How VA Loan Holders Can Seek Relief During COVID-19

The COVID-19 pandemic has led to widespread economic troubles throughout the US. Many people are struggling to make their mortgage payments because they've lost their jobs or had their work hours seriously reduced. This is without taking into account the financial stress that comes from increased childcare expenses and potential medical expenses. Many veterans and active military service members have a VA loan instead of a traditional mortgage. A VA loan is a loan from the Department of Veterans Affairs that allows you to purchase a home without meeting minimum credit score requirements or putting down a large down payment. If the pandemic has made it difficult to meet your VA loan deadlines, ​veterans can apply for special help​. The coronavirus stimulus package offers any borrower the option to deal with financial hardship to enter into a mortgage forbearance option. This option modifies the payment schedule you already have by reducing or suspending your payments over a certain period of time. A forbearance agreement is designed for coping with short-term issues by lowering or delaying the monthly payments. You will typically be expected to pay the full cost of your mortgage with time, but you have the chance to recuperate financially. Federal government laws back VA loans. Any company issuing a VA loan is required by law to give you forbearance upon request. You don't need to prove that you're dealing with financial hardship. The same criteria applies to federally backed loans from the Department of Agriculture and the Federal Housing Administration.

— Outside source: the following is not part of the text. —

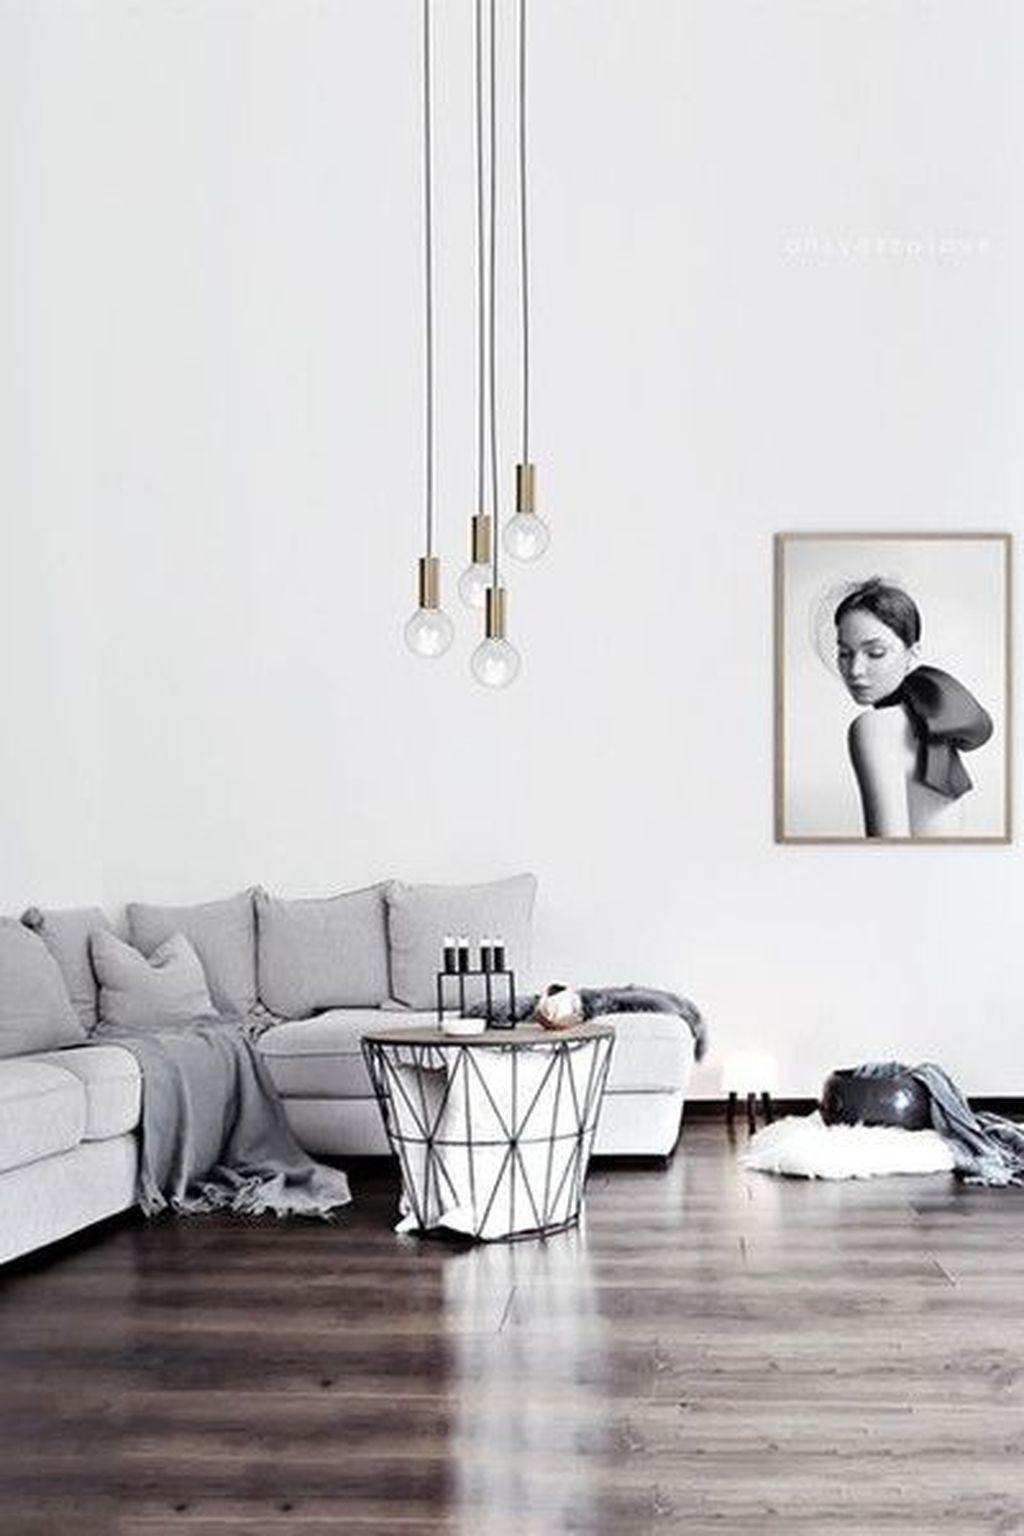 40+Awesome Emphasis Interior Design Ideas | Modern ...

When you struggle to make mortgage payments, the first step is immediate contact with your lender. You can explain your situation and create a payment plan that minimizes your potential late fees. If your mortgage lender agrees to specific terms over the phone, be sure that they're put down in writing somewhere. This doesn't have to be a formal contract and can be something as simple as an email. The coronavirus package allows people to request a mortgage forbearance for up to 180 days. When this period expires, people may put in a second request for another 180 days. The package doesn't affect your credit score, though. If you're late with payments before requesting the forbearance, you'll still see a credit hit.